Her lips pulled back in a snarl, her teeth sharp as icepicks.
Dirker heard himself mutter, “Shit.”
All he could think of was a childhood story of how Circe the witch had changed Odysseus’s men into beasts.
And around him…they were all changing.
Flesh became smoke that was blown by secret, cabalistic winds and rivers moved by mystical currents. The girl suddenly leaped into the air, five, six feet until it seemed she would brush the rafters overhead, and then she came right down on Sellers. And this before he could even jerk a trigger or think of doing so.
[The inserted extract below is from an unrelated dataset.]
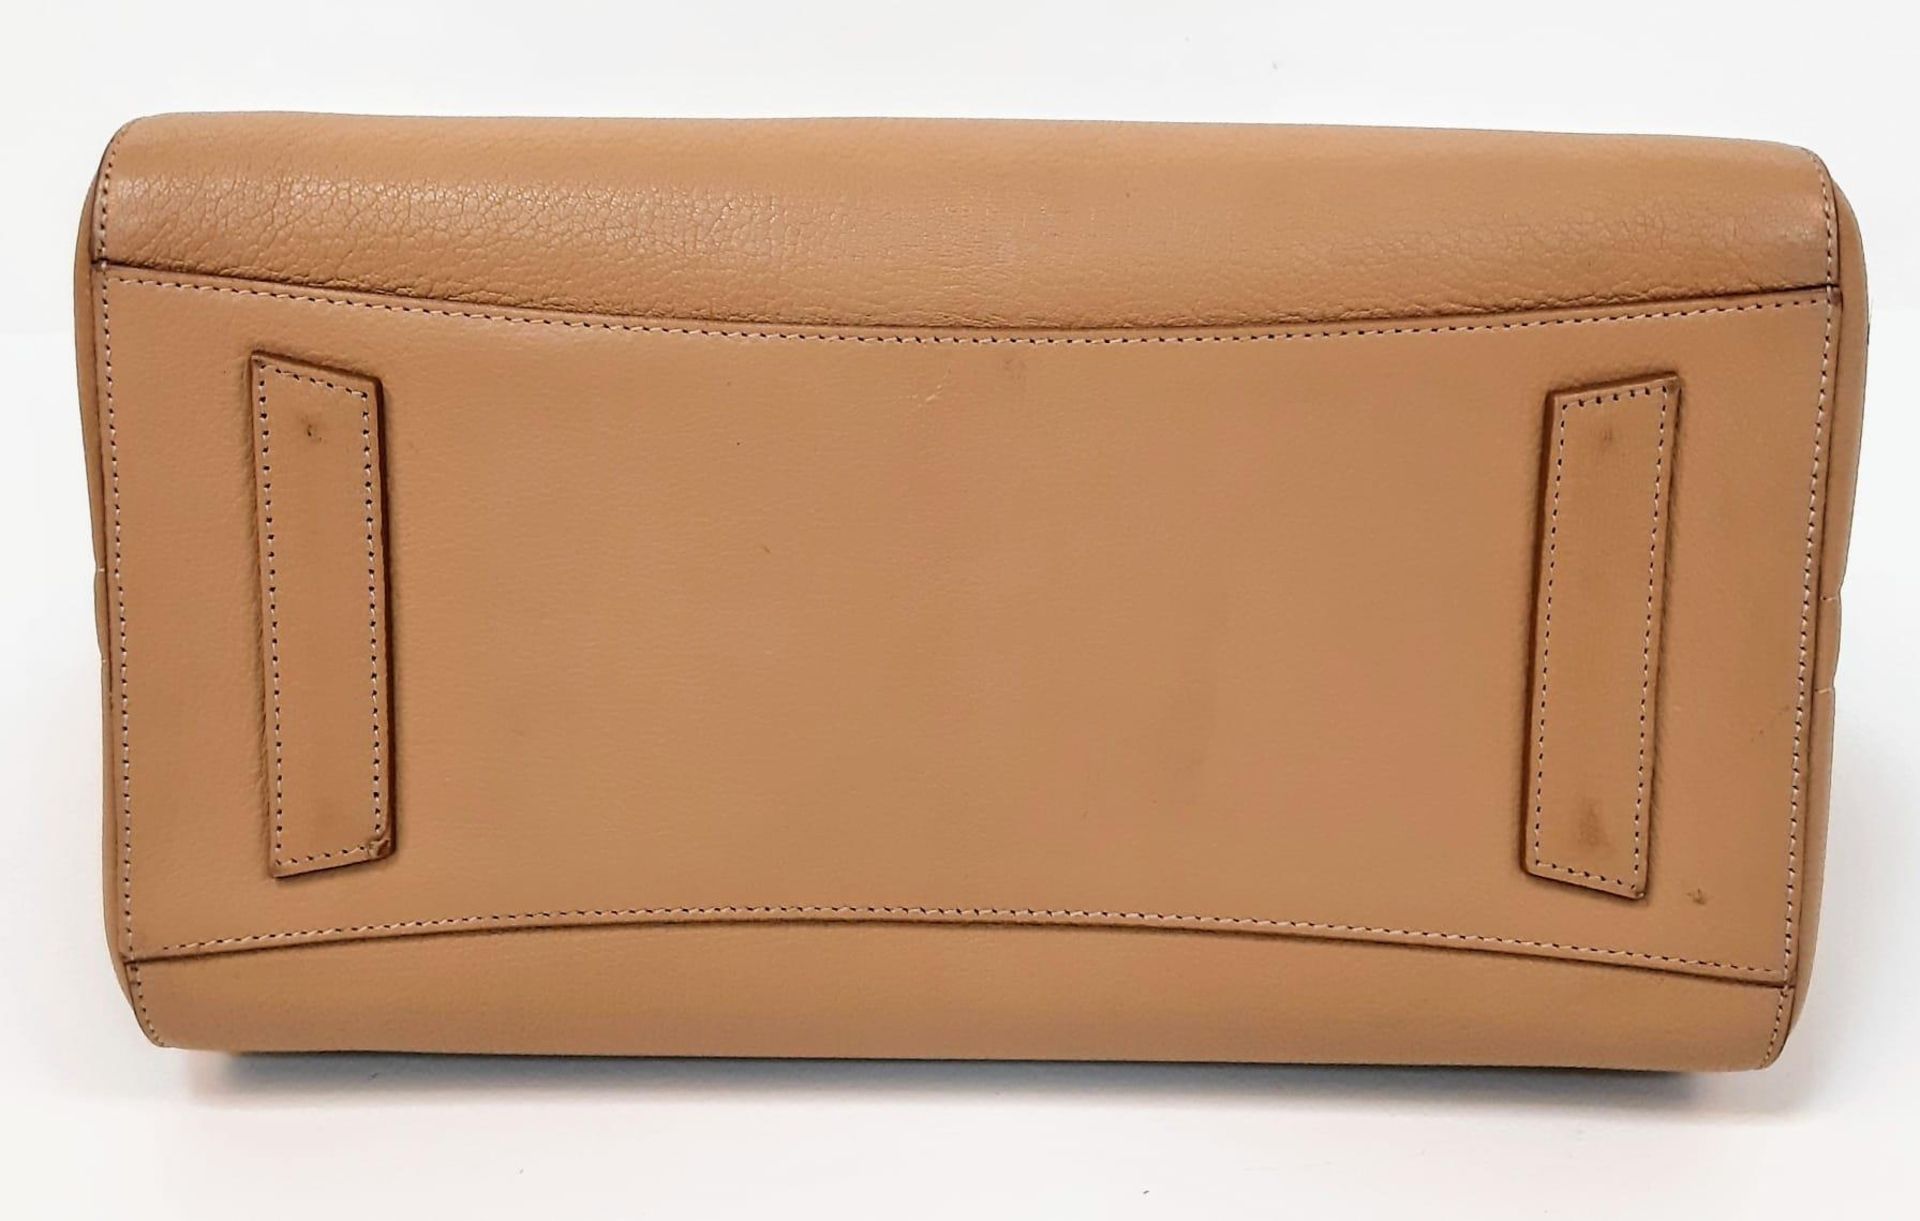 A Givenchy Antigona Leather Shoulder Bag. Brown leather textured exterior. Cream textile interior - Image 5 of 7

He and the girl-thing went down in a thrashing, writhing heap. Her mouth was wrapped around his face, those teeth sunk right to the bone. You could hear his screams echoing down the shaft of her throat.
But nobody had time to look at that.
For as the girl made her move, so did the others.
The man in the Confederate hat rose up in a flurry of teeth and claws and growling and was almost on Harmony when his shotgun went off, pitching the man backwards. Suddenly, everyone was shooting. Shooting at shapes and forms and monstrosities from some primal nightmare.
Dirker brought his Greener up and blasted the bartender. The impact blew his shoulder to a bloody mist and threw him against dusty glasses and discarded bottles. There was a crashing and shattering and he came right back up again, his face gone lupine and his teeth bared to bisect human flesh.
Dirker gave him another round that knocked him away and then that little boy was hopping in his direction. Dirker gave him the butt of the Greener in the face, driving him to the floor, broke it open and ejected shells, fed two more in, snapped it close. The bartender was up on the bar by then, his shirt split wide open from the pulsing, bestial muscularity beneath.
As he leapt, Dirker gave him both barrels.
The buckshot blew his snarling head into a spray of bone and blood. He flipped back over the bar and stayed down this time. As Dirker whirled around, the boy hit him hard and put him down, those jaws opening like the mouth of a tiger and coming in for the kill. The Greener still in his hands, he jammed the barrel lengthwise into that mouth, claws tearing great ruts through his coat and shirt and into his chest below. With a scream, he pushed the beast away from him, flipping it off him.
The man in the Confederate hat had Harmony.
His huge, clawed hands were pressed to either side of the Mormon’s head…and he was lifted an easy two feet off the floor, rivers of blood running from his ears and eyes as his skull was crushed. Then the teeth darted forward and his face was literally stripped from the bone beneath.